--- Saved data entries ---
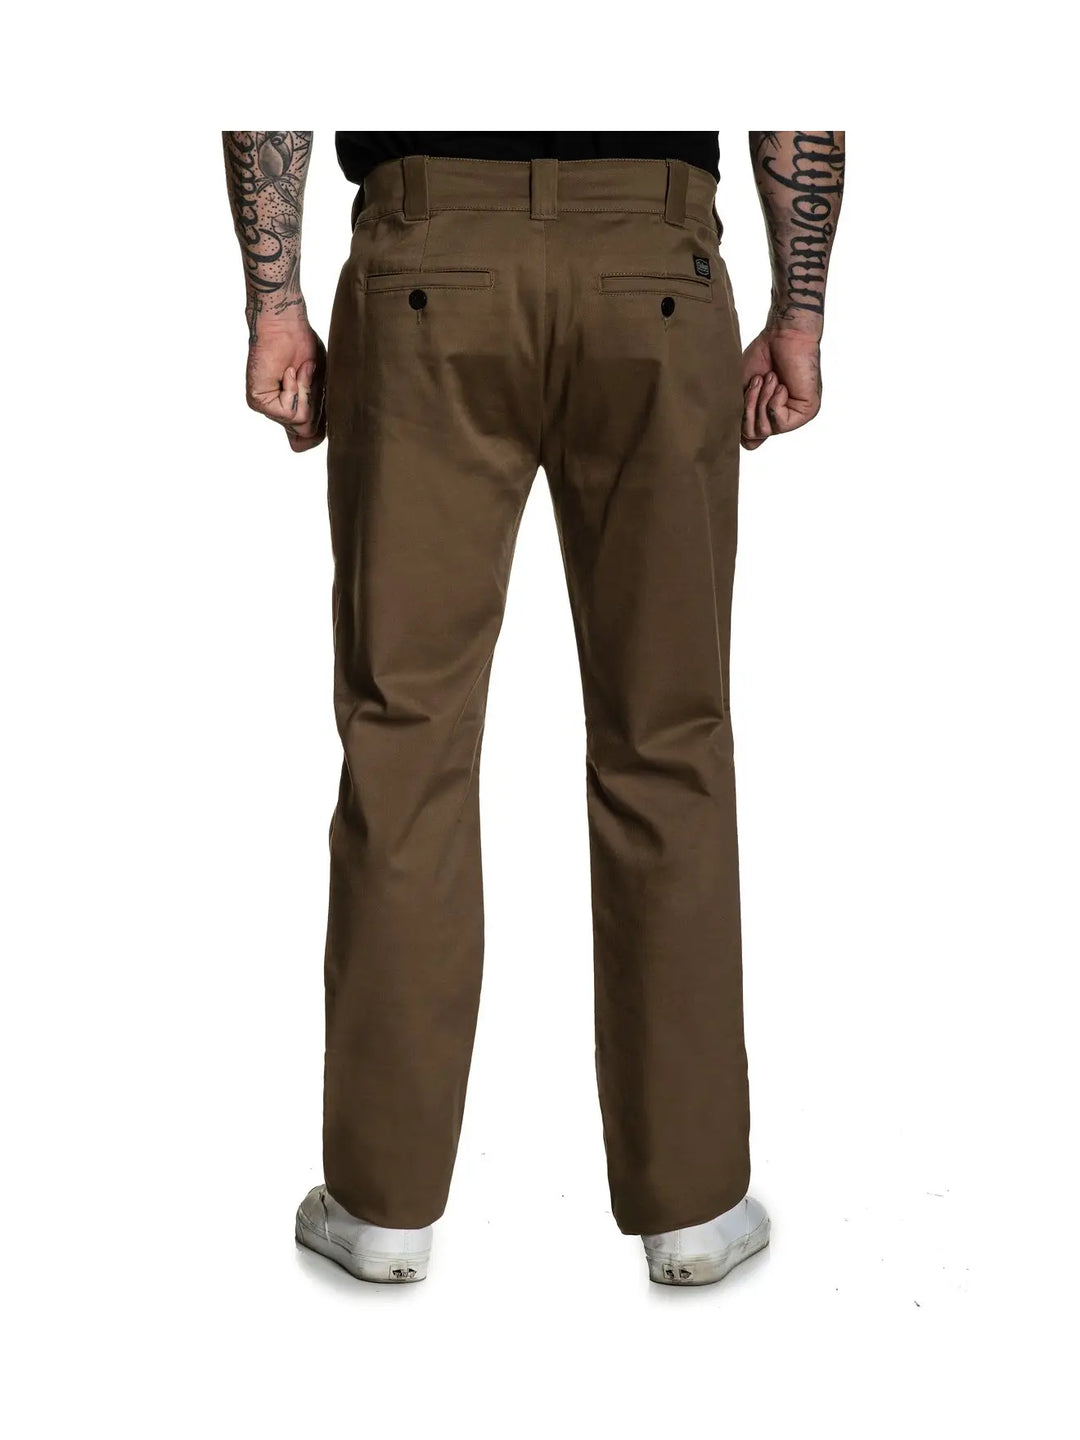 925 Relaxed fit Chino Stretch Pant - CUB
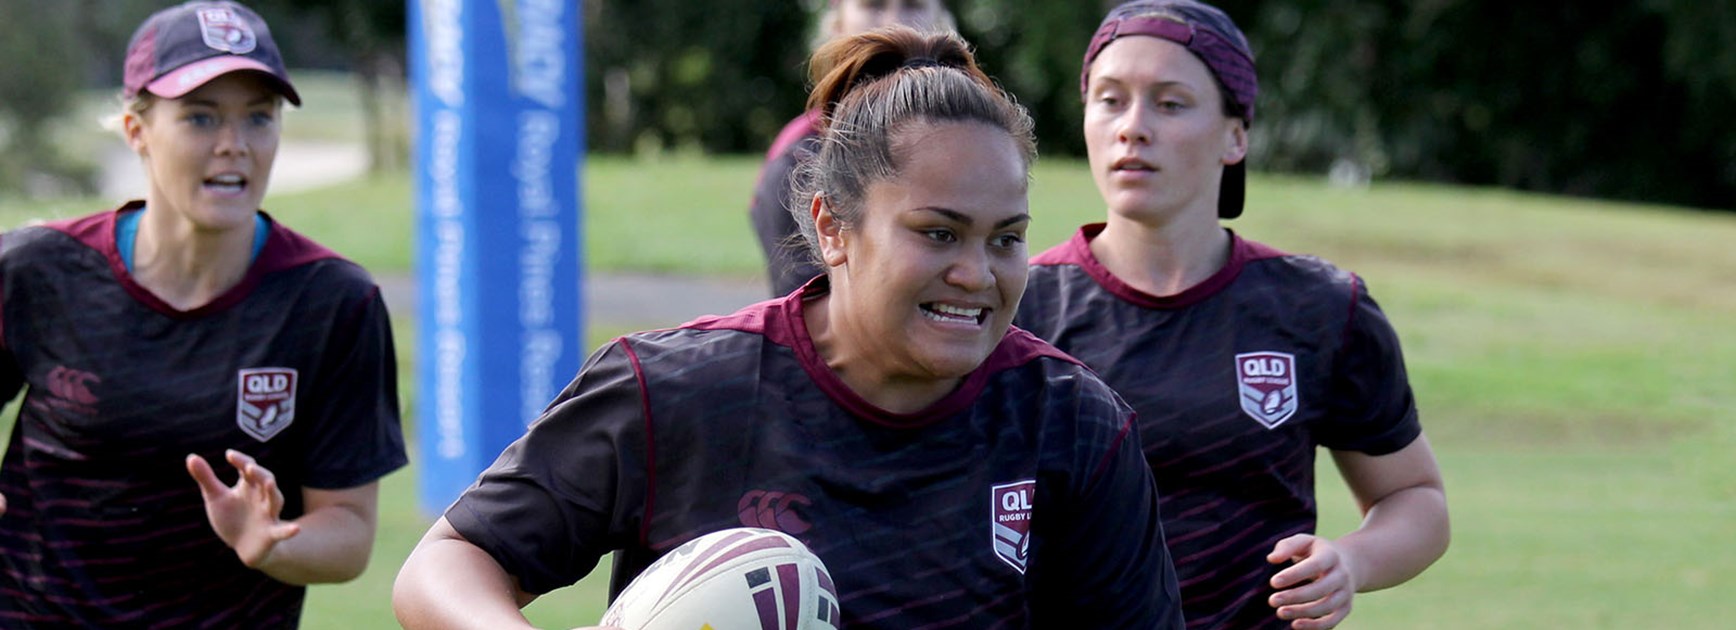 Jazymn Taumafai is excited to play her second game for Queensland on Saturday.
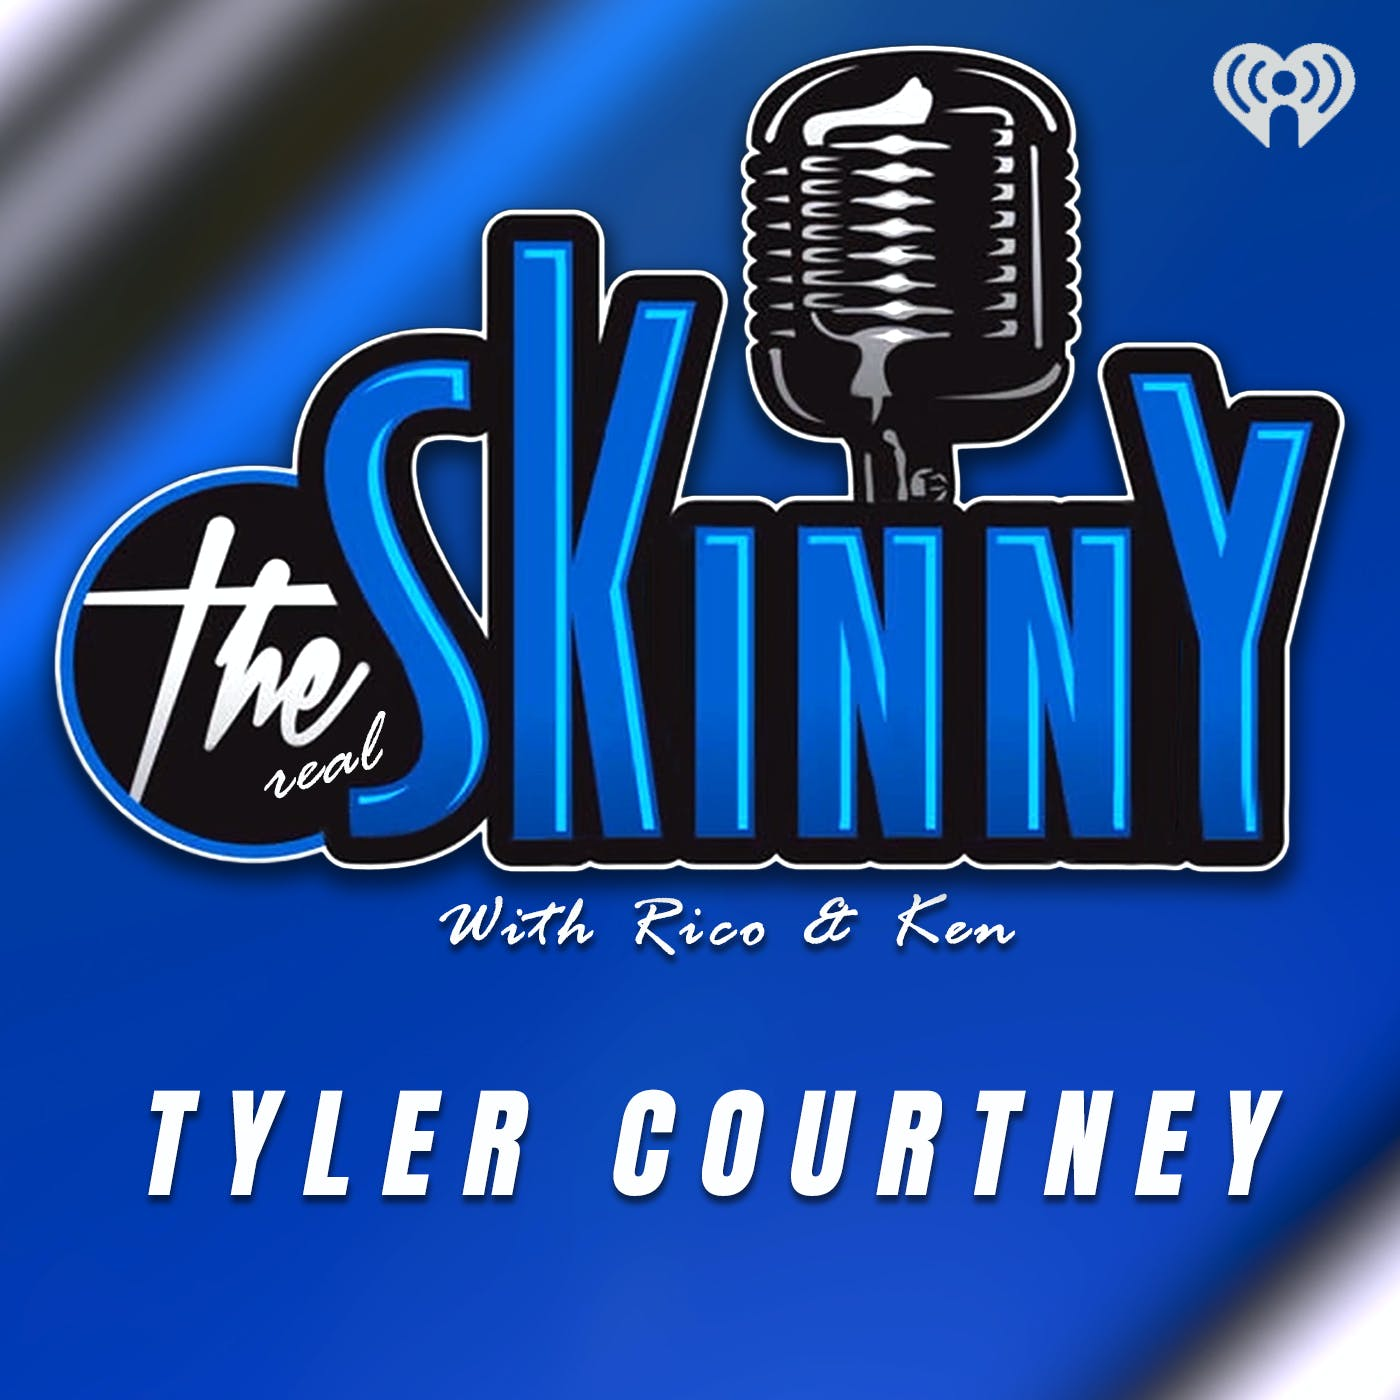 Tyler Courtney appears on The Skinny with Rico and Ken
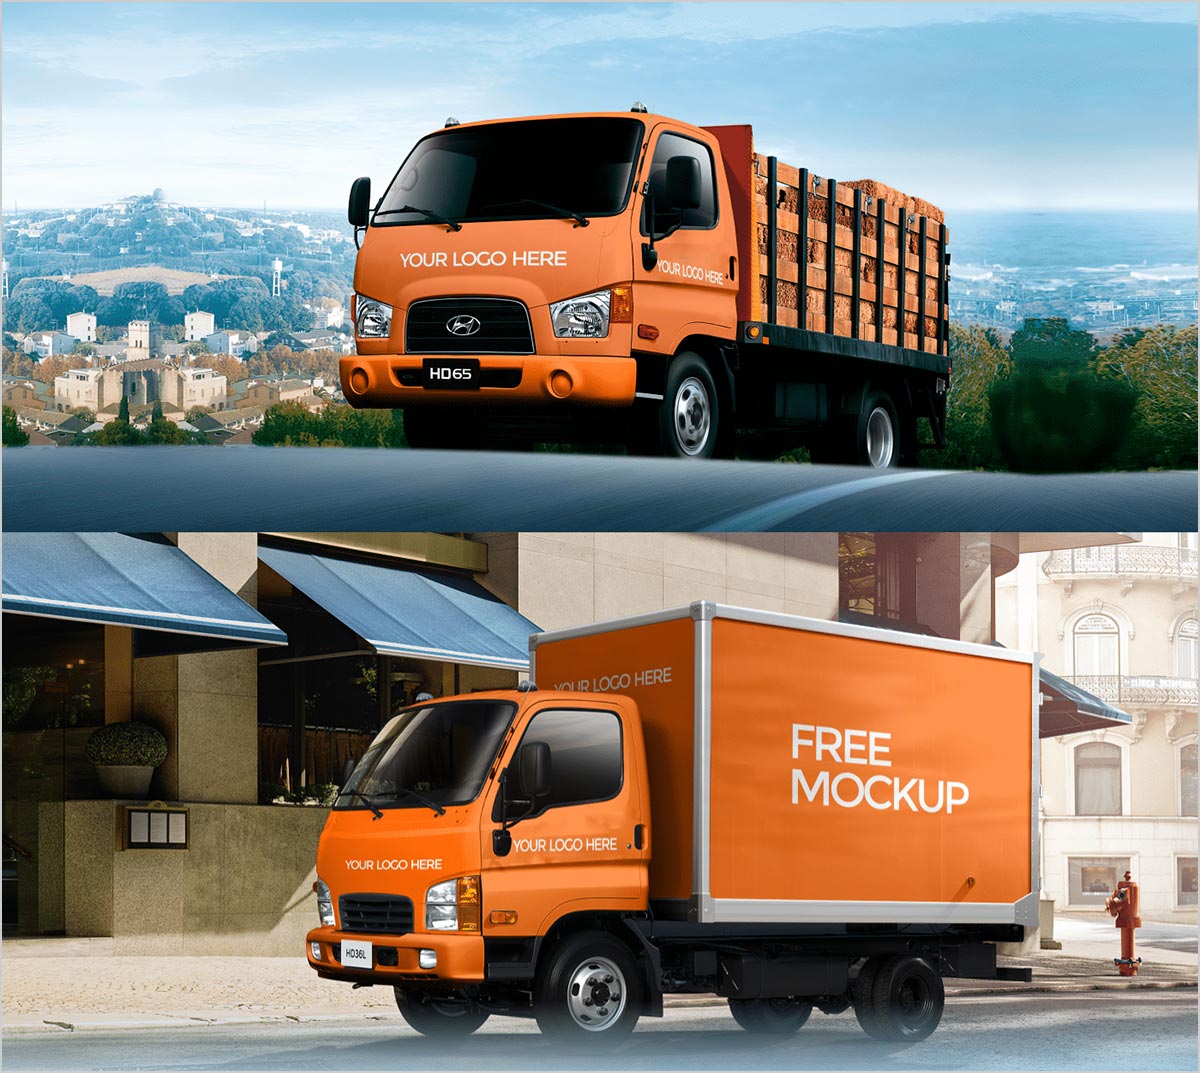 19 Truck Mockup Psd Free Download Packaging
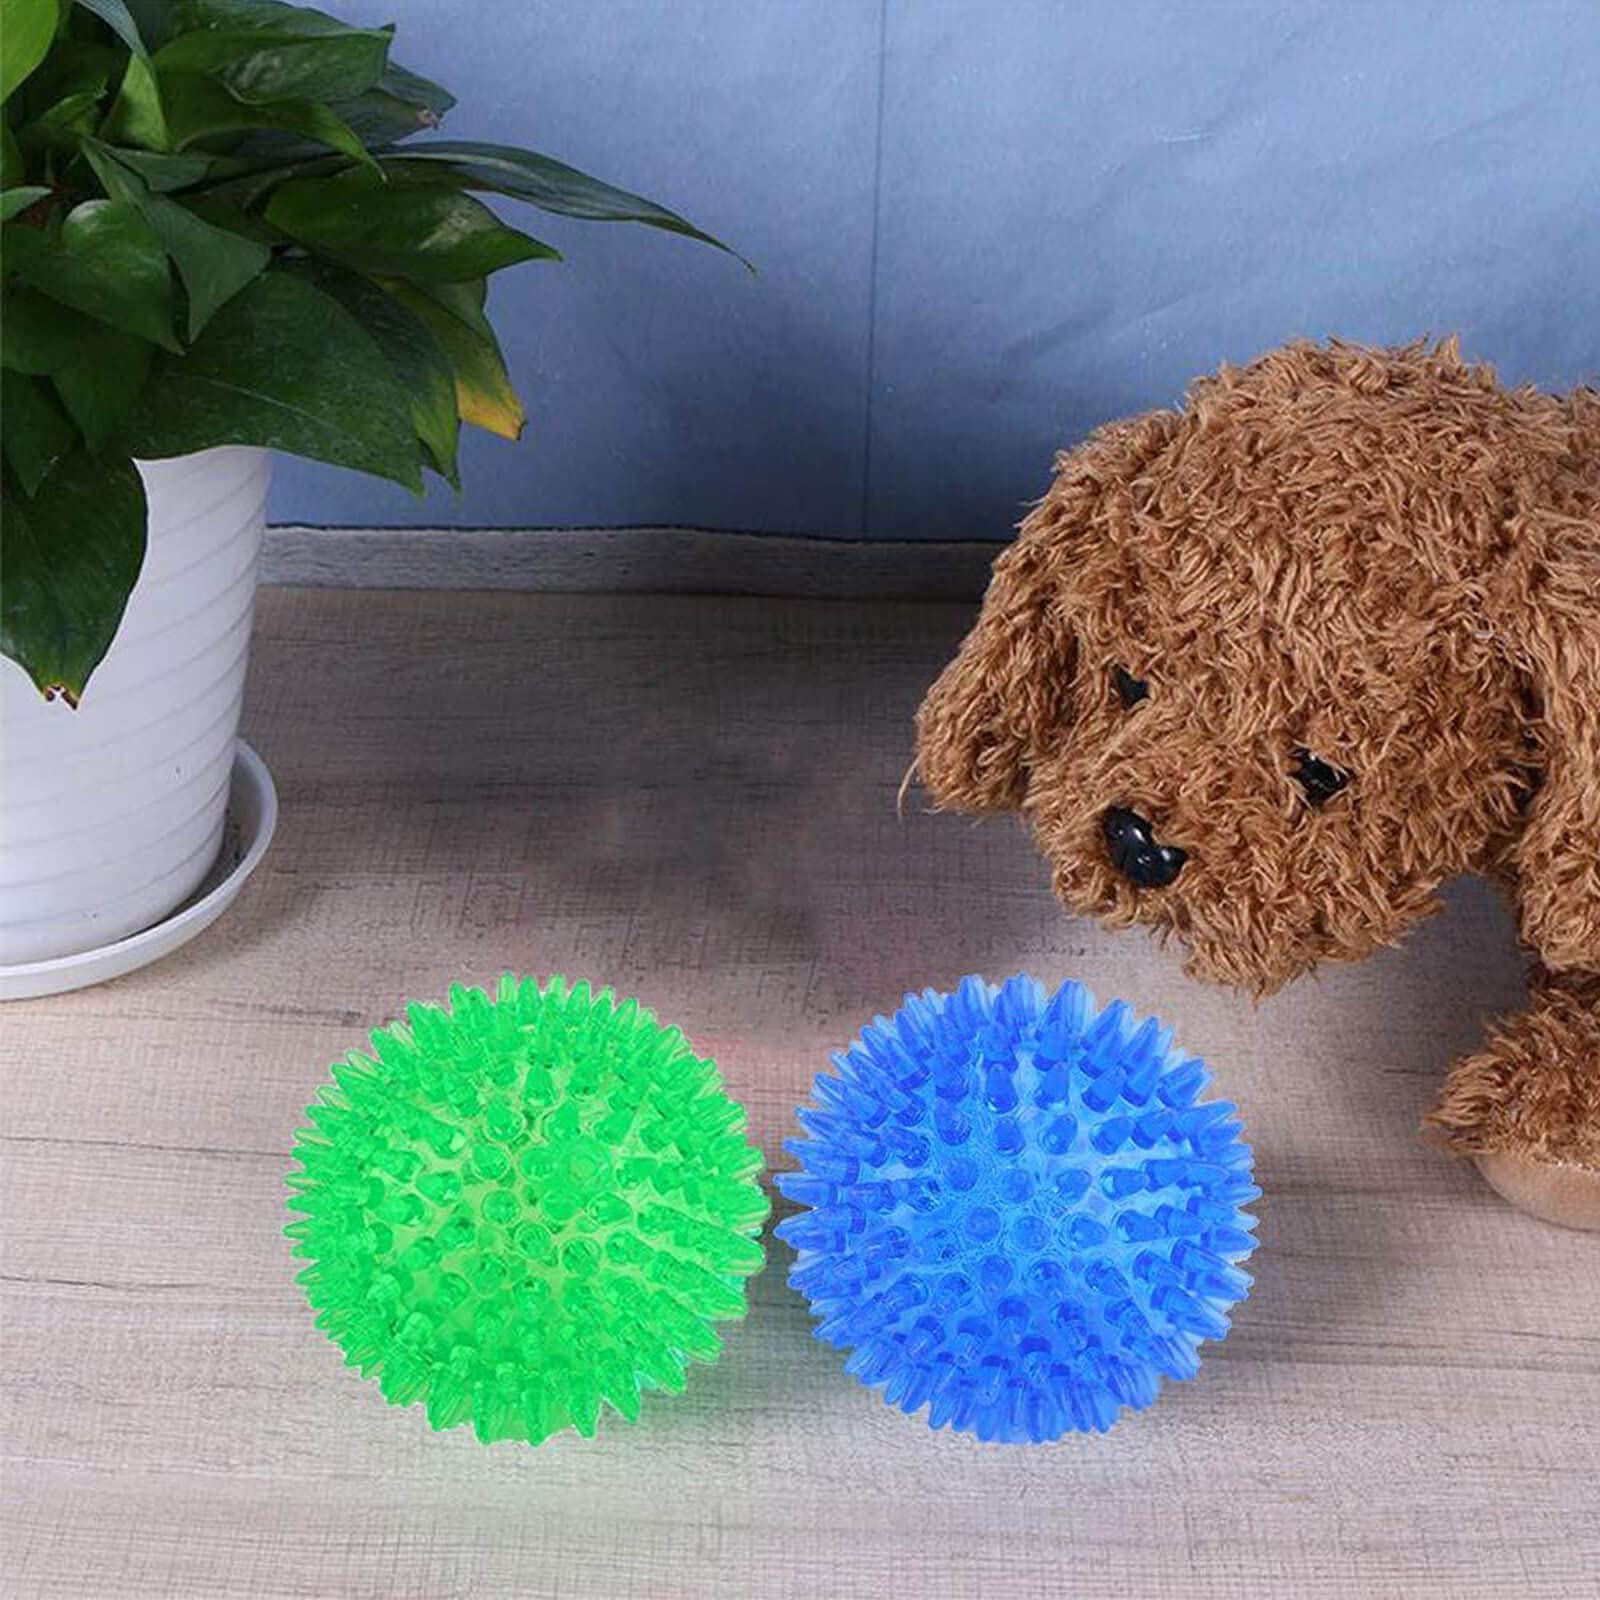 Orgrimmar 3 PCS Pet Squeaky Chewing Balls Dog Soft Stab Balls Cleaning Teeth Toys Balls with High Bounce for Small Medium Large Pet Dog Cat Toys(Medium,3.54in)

--- ASSIGNMENT ---
The reply must consist of the records, repeated exactly, minus any images.

--- YOUR SOLUTION ---
 925 Relaxed fit Chino Stretch Pant - CUB
 Jazymn Taumafai is excited to play her second game for Queensland on Saturday.
 Tyler Courtney appears on The Skinny with Rico and Ken
 19 Truck Mockup Psd Free Download Packaging
 Orgrimmar 3 PCS Pet Squeaky Chewing Balls Dog Soft Stab Balls Cleaning Teeth Toys Balls with High Bounce for Small Medium Large Pet Dog Cat Toys(Medium,3.54in)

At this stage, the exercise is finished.